Monday, May 30, 2011

The Devout Calvinist

Excuse me Mrs Hume, said Farky. Did you just say What is this dog?

Oh Good Heavens! said Mrs Hume. He talks!

Indeed I do, said Farky. I am Farquhar MacTaggart, named for the Earl of Ross.

Not a real dog then, said Mrs Hume, losing interest. And who is this?

This is Sweezus, mother, said Le Bon David.

Sweezus, this is my mother, Mrs Katherine Hume, formerly of Ninewells in Berwickshire.

Good evening, Mrs Hume, said Sweezus politely.

What kind of a name is SWEEZUS? demanded Mrs Hume.

It's my Twitter name, said Sweezus. My real name is Jesus.

Yes, mother, said Le Bon David. I'm sorry, I should have introduced him properly. This young man is Jesus.

Jesus! cried Mrs Hume. I am a devout Calvinist, and I can assure you that this young man is not Jesus.

Mother! said Le Bon David, embarrassed.

Doesn't matter, said Sweezus. I prefer Sweezus.

And that's a silly name, said Mrs Hume.

Now now, said the VeloDrone. Welcome home, Mrs Hume. I believe we're all going to the Brighton Fish Cafe to get fish and chips. Let us start moving. May I carry your bag? And how was your trip?

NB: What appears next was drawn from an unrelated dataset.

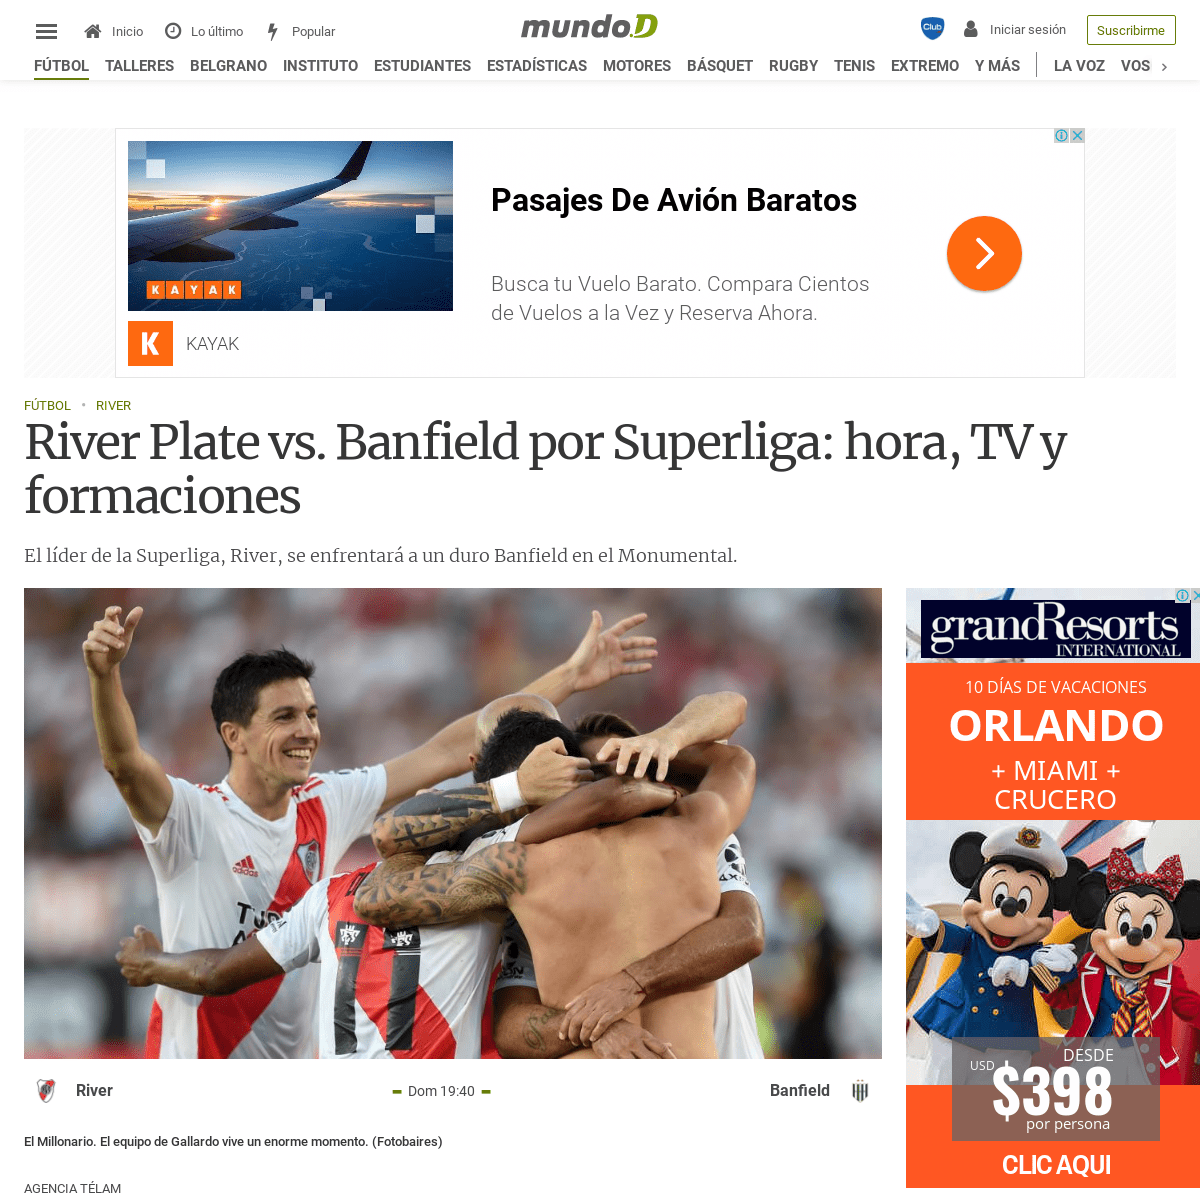 A complete backup of mundod.lavoz.com.ar/futbol/river-plate-vs-banfield-por-superliga-hora-tv-y-formaciones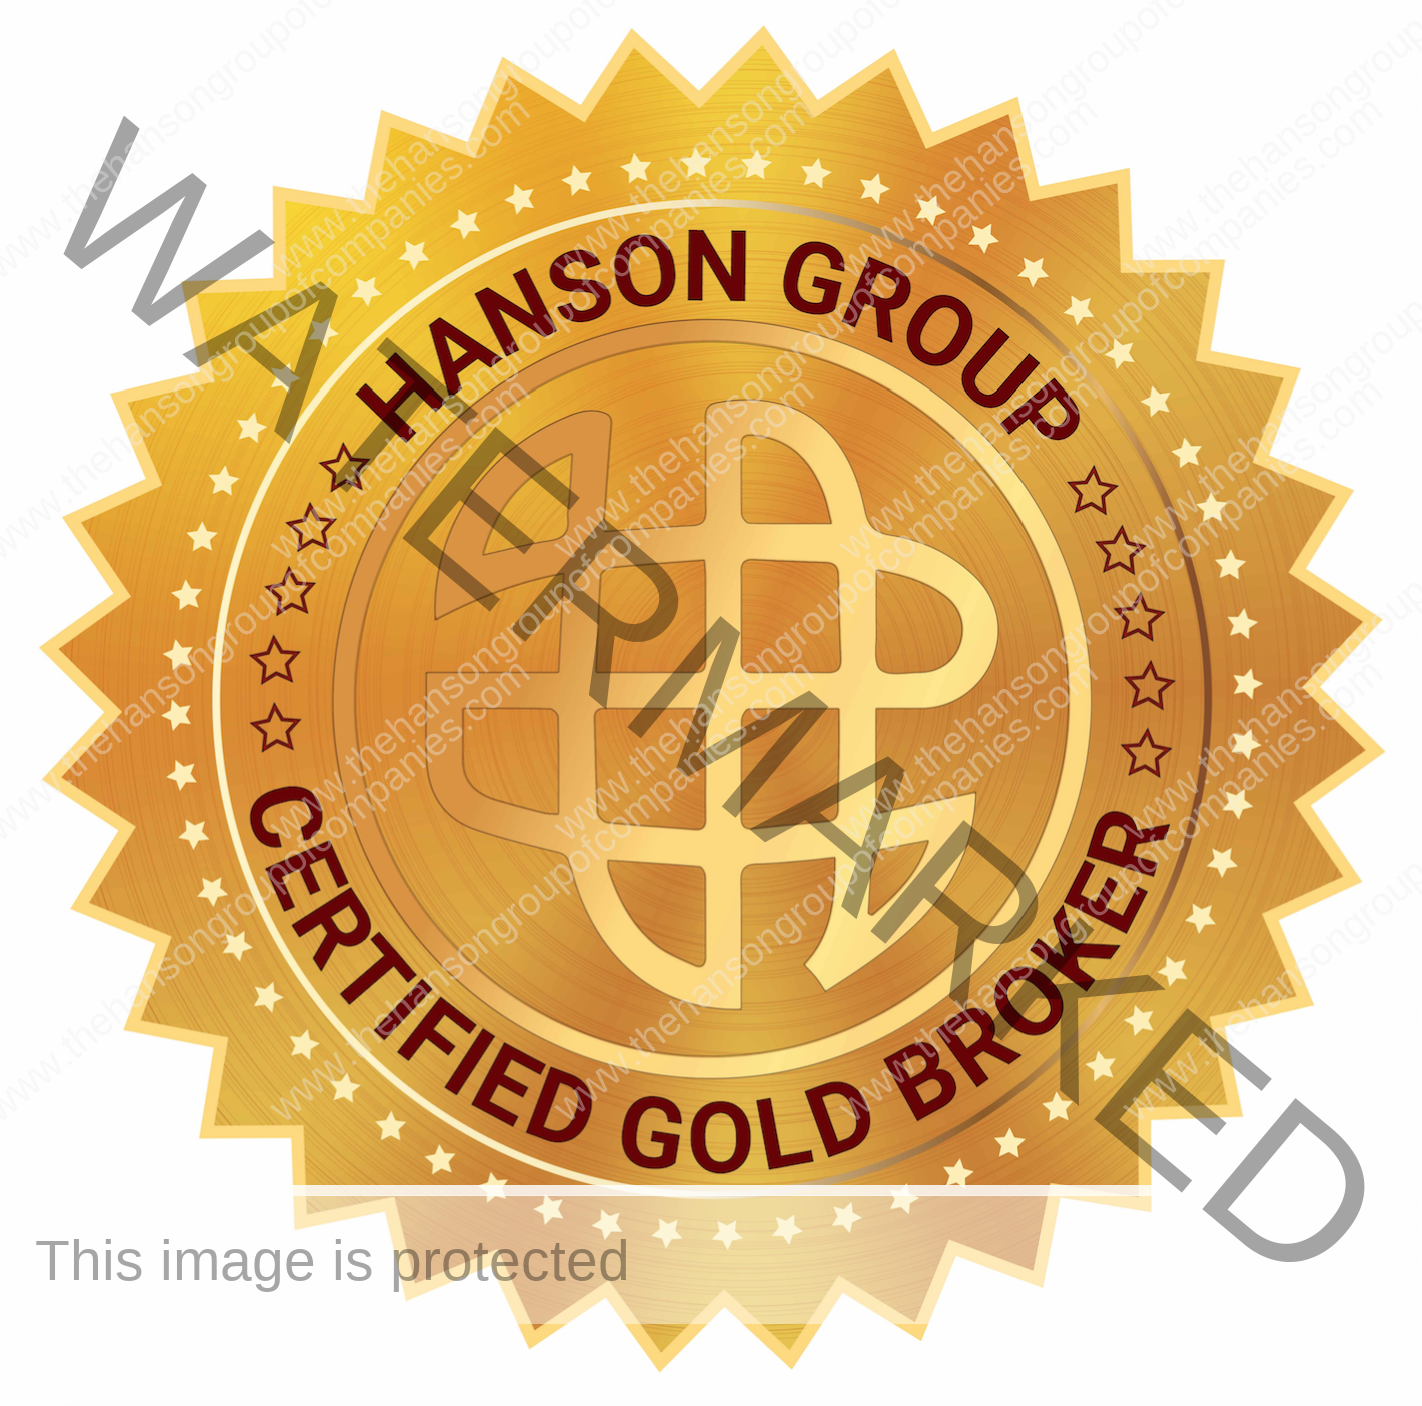 Hanson Group Gold Broker Seal

Very nice, said Mrs Hume. I stayed with my daughter. We hired a cabin by a lake. It was a lovely cabin but there was nowhere to hang up our clothes.

Tut tut, said The VeloDrone, ushering Mrs Hume towards the Kia Rio.

O Lord, said Mrs Hume, when she saw the car. David! How are we all going to fit in that?

There's a lot more room in it than you think, mother, said Le Bon David. It's a bit like a Tardis.

I hope so, said Mrs Hume.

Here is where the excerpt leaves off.